▶ [What is needed] Among the entries below, find the line with "Jeunes Gens Black T-shirt - Jeunes Gens", then quote it and each following line up to and including the line with "Impresionismo Ewell Ligero", and nothing else.

▶ [Supplied material]

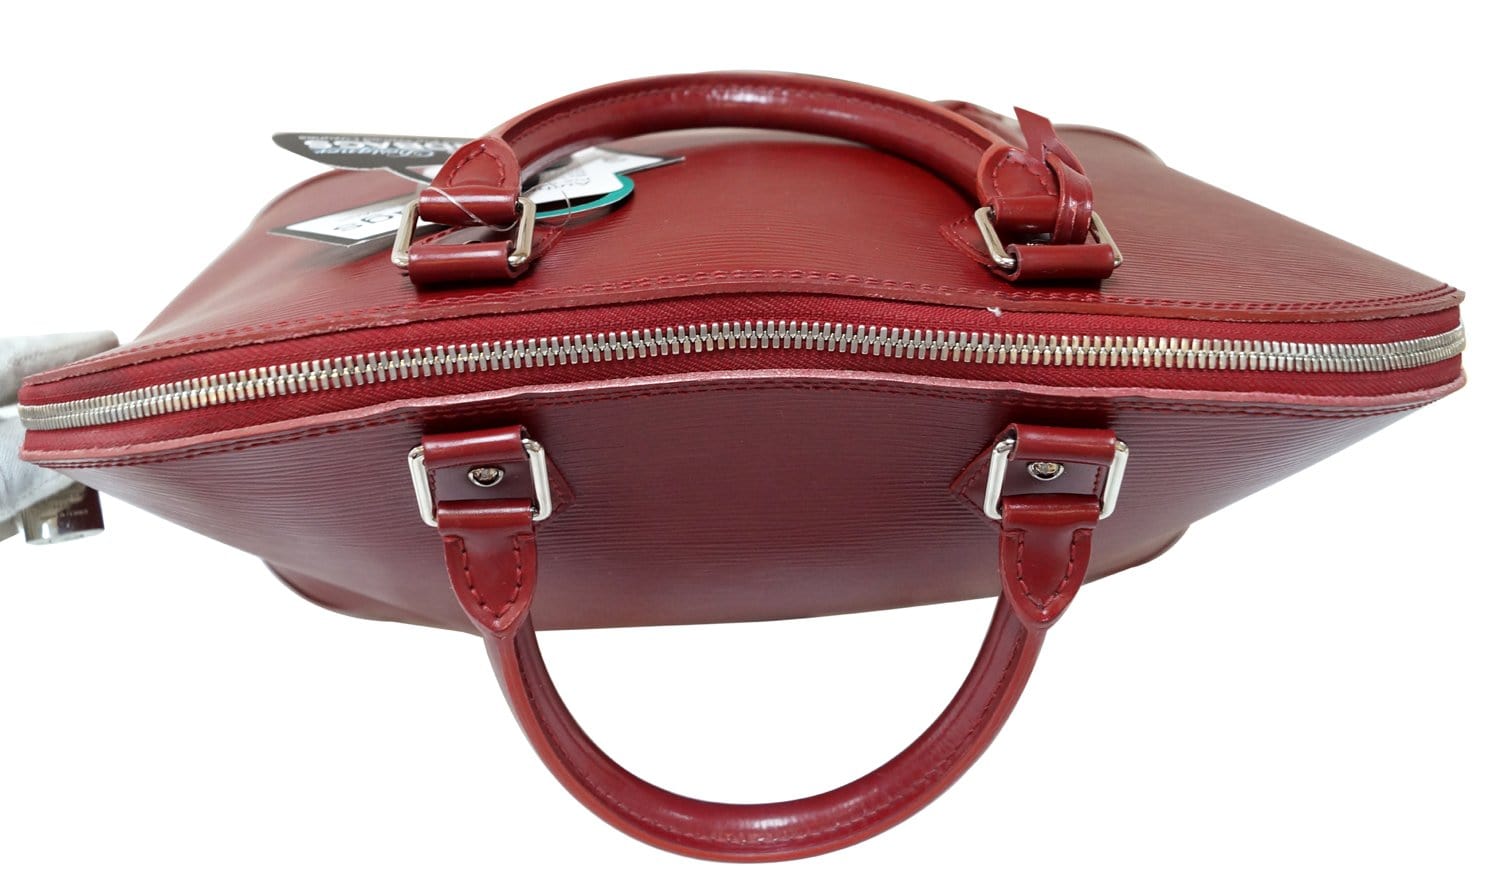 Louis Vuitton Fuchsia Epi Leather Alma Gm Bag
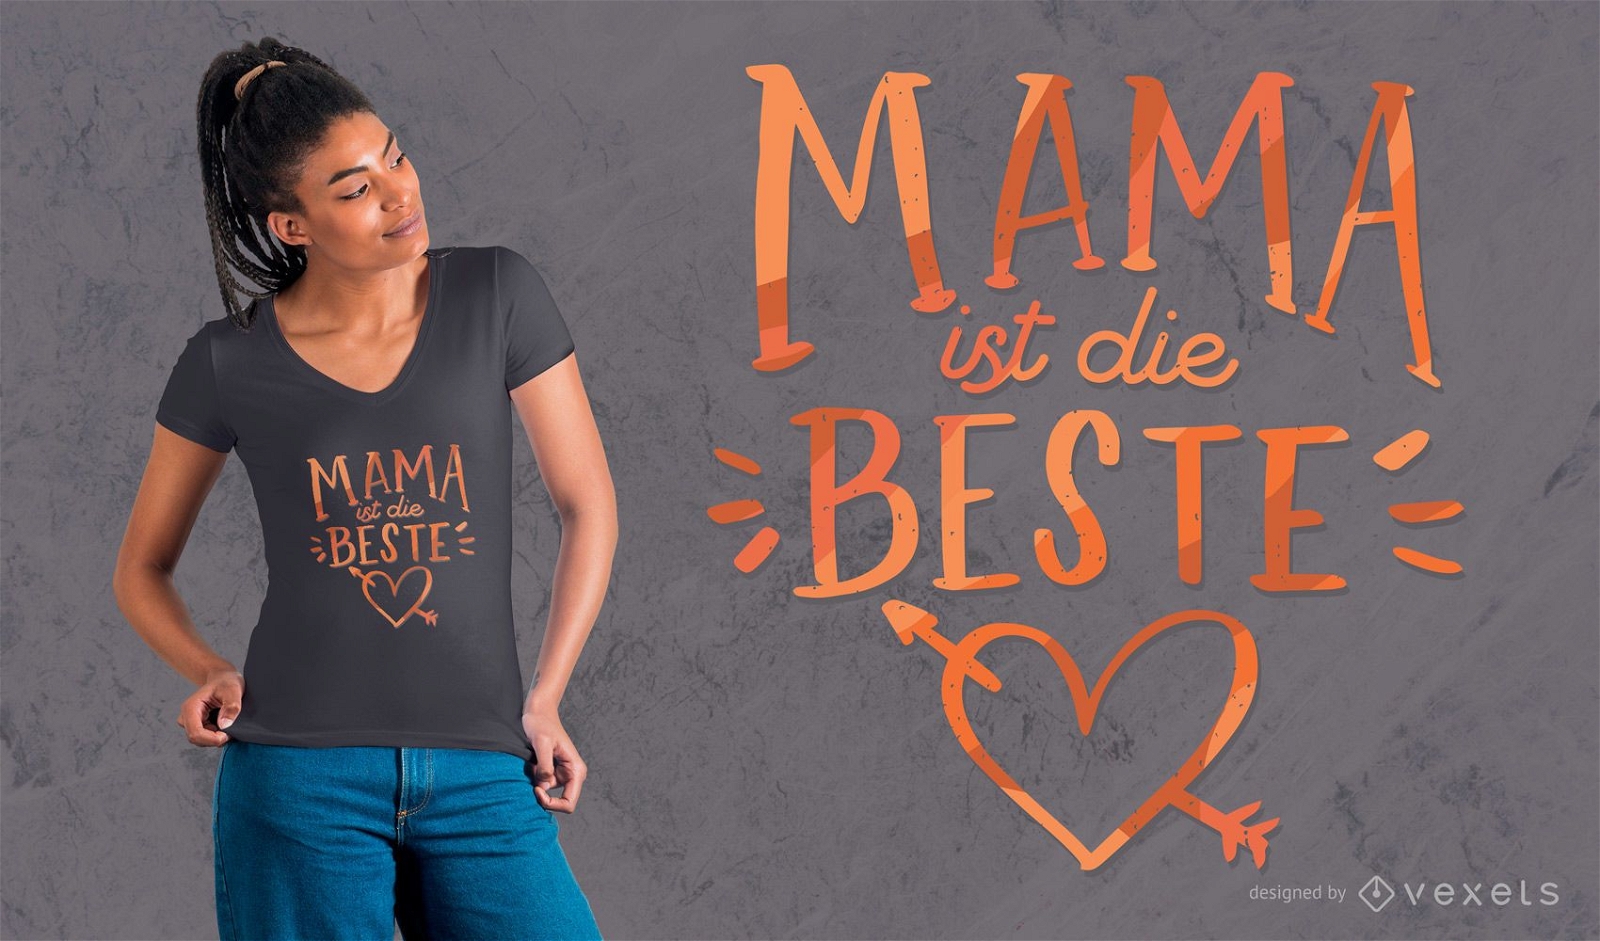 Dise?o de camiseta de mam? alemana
...
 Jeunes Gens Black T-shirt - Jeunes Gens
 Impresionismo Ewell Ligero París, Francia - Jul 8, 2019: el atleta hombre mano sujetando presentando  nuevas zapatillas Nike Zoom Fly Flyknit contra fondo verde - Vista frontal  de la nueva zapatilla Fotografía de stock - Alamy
--
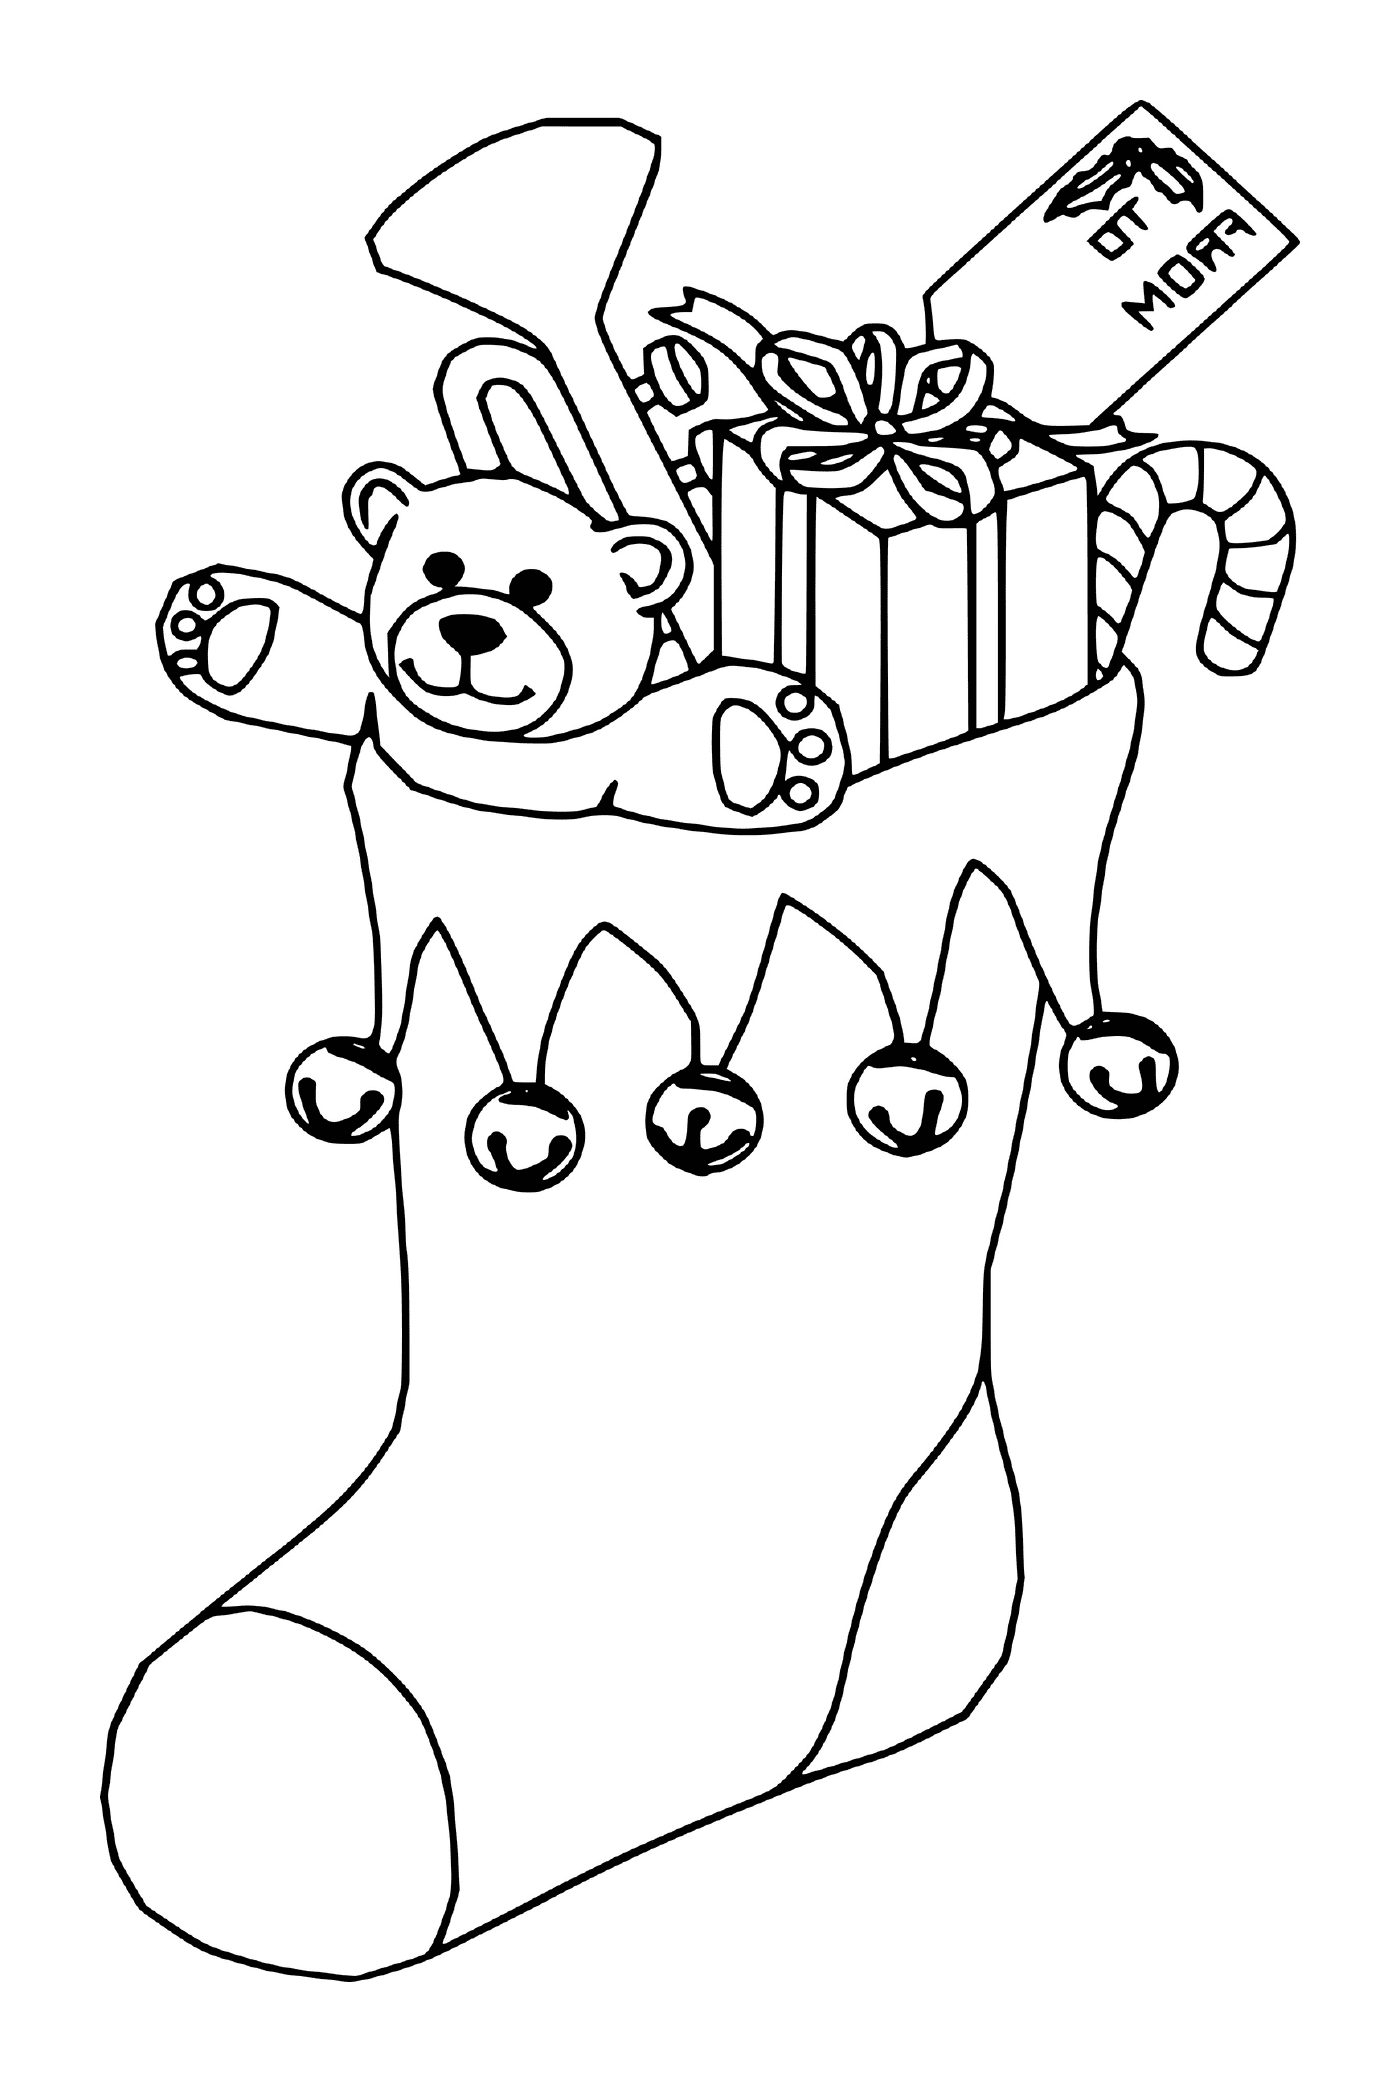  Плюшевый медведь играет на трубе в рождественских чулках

▶ [Solution for this exercise]
 Jeunes Gens Black T-shirt - Jeunes Gens
 Impresionismo Ewell Ligero París, Francia - Jul 8, 2019: el atleta hombre mano sujetando presentando  nuevas zapatillas Nike Zoom Fly Flyknit contra fondo verde - Vista frontal  de la nueva zapatilla Fotografía de stock - Alamy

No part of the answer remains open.